バロックの時代12-ルーベンス対ヴェラスケス

2020.08.29 03:39

当時ルーベンスは50代の円熟期で、欧州中に赫赫たる名声を得ていた。その巨匠が、現国王フェリペ4世の絵を描かないわけがない。タイトルは「神に護られるフェリペ4世」。絵は消失しているが、実はヴェラスケスによる模写が残され、いかにもルーベンスらしく天使が登場している。

その絵はすぐ宮廷のサロン・ヌエーボに展示されたが、実はそれまで展示されていたのがヴェラスケス作フェリペ4世騎馬の絵画。この絵は侍従の間に移し替えられた。ヴェラスケスはバロックといえども肖像画に天使など描かない。これは国王でも同じで、写実の中に尊厳を描こうとするのである。

二人は気が合い、共にイタリア旅行を計画したというが、ヴェラスケスの内実はどうだったろうか?結局ルーベンスは何とスペインの外交大使となり、ネーデルランド枢密院書記官の肩書をもらってイングランドに旅立ち、ヴェラスケスは一人でイタリア旅行をする。

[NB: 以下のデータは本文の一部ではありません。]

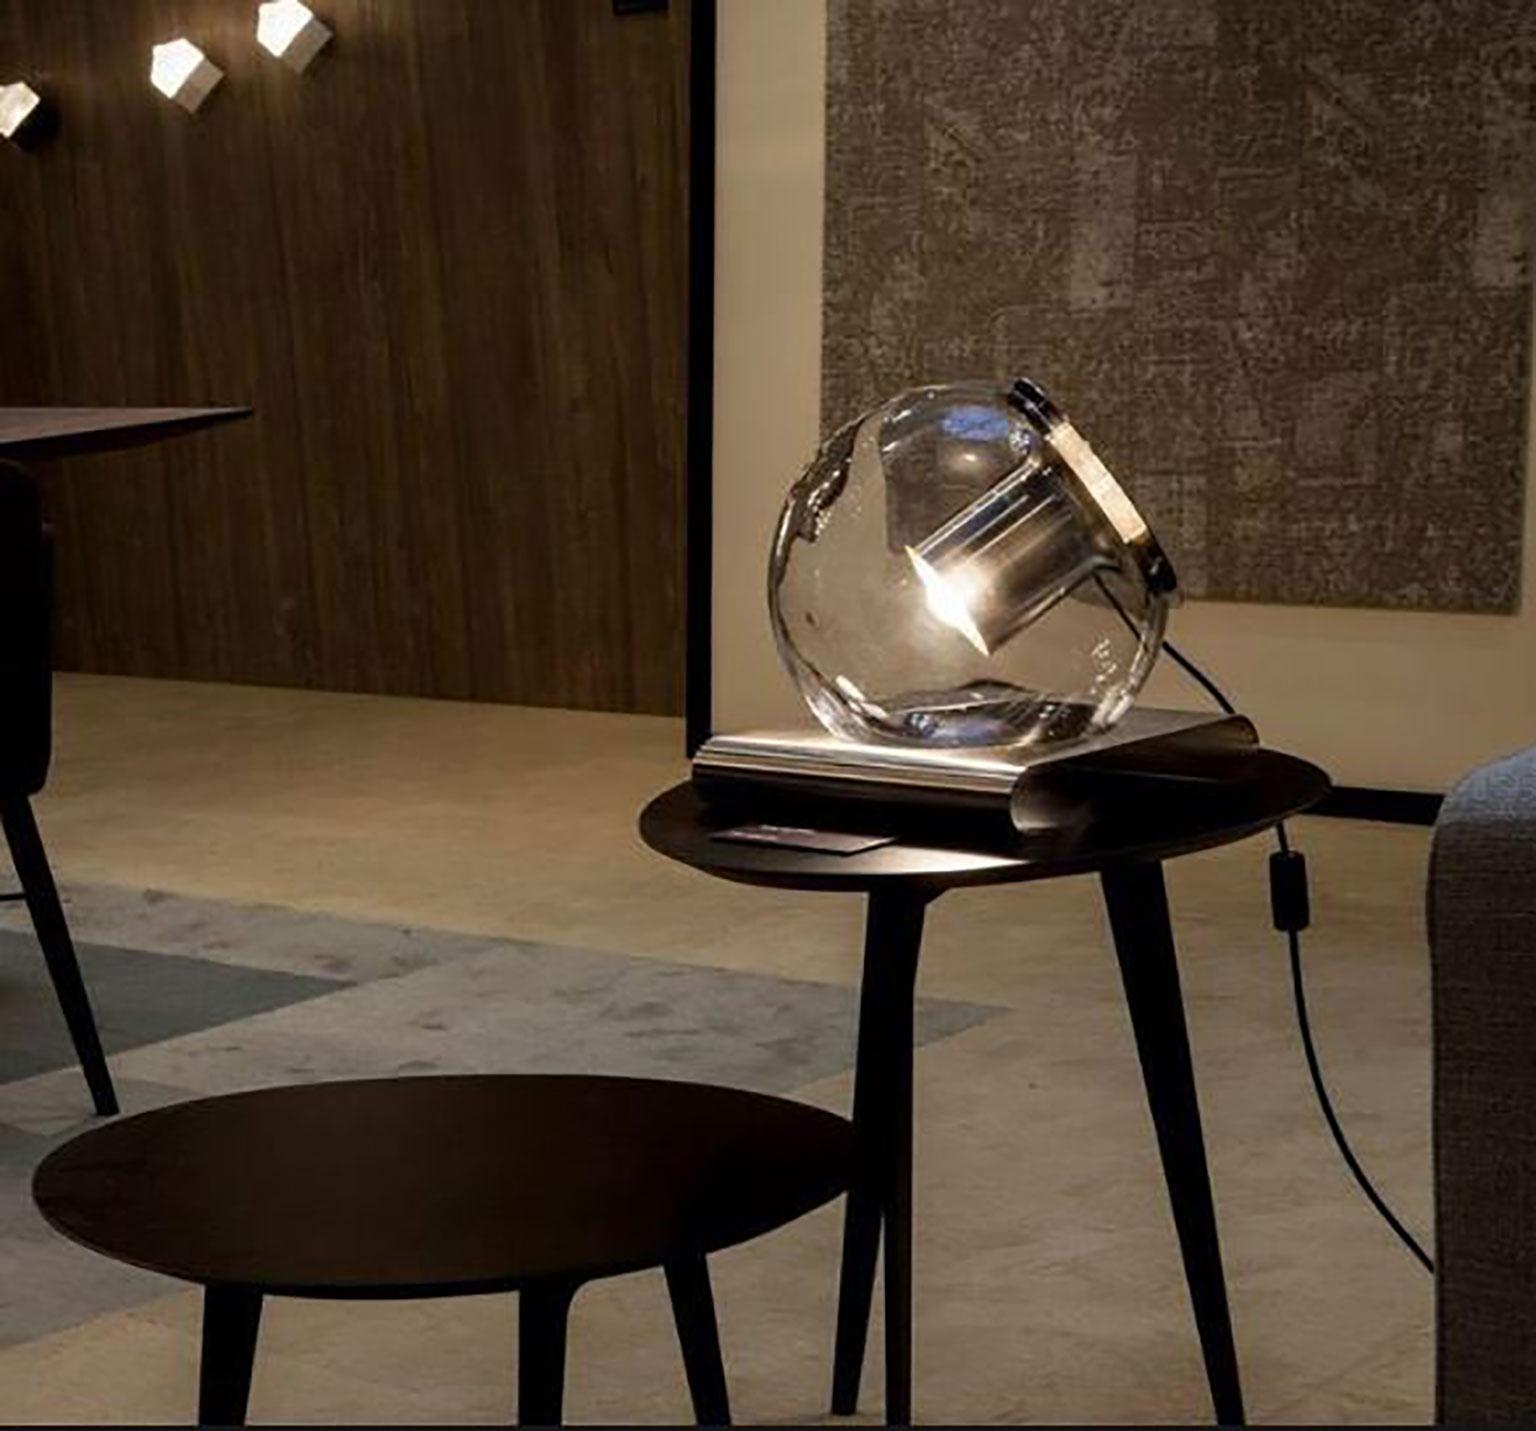 La lampe de table Globe conçue par Joe Colombo pour Oluce. Il s'agit d'un design simpliste et attrayant fabriqué à partir de verre soufflé à la main, produisant une lumière ambiante remarquable à l'aide d'un réflecteur métallique interne. Le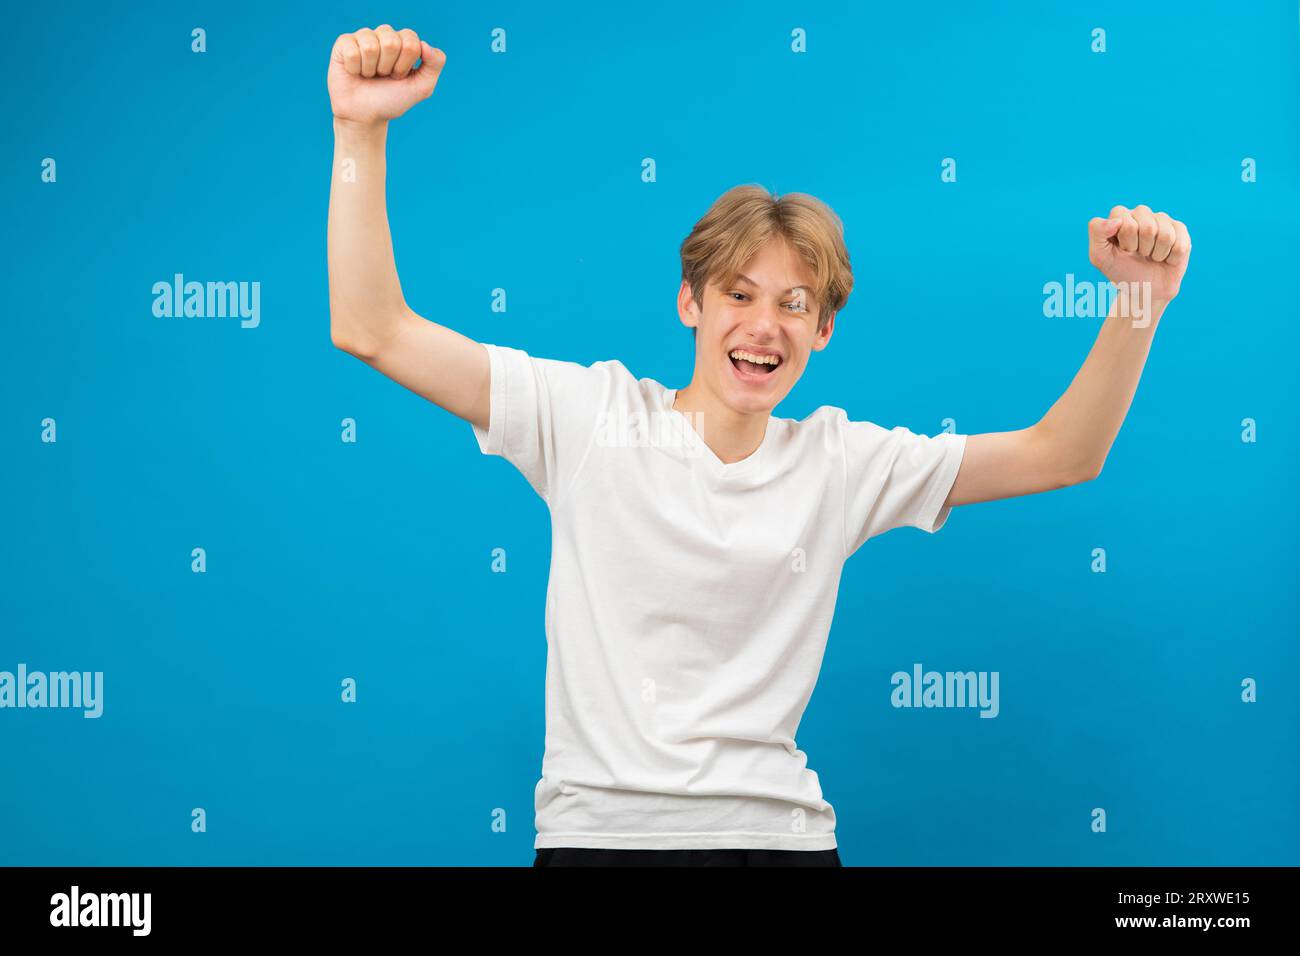 Extrem aufgeregt überglücklich Teenager-Junge schrie ja Geste, erstaunt über seinen Sieg, Triumph. Innenaufnahme des Studios isoliert auf blauem Hintergrund Stockfoto

その直前にヴェラスケスは「バッカスの勝利」という初めてのギリシャ神話を描く。ルーベンスもバッカスを描くが、この絵はまるで違う。描かれているのは現実の庶民ばかり。この絵は「酔っ払い」の愛称で親しまれるが、ヴェラスケスはギリシャ神話を現実の中で表現することをアピールする。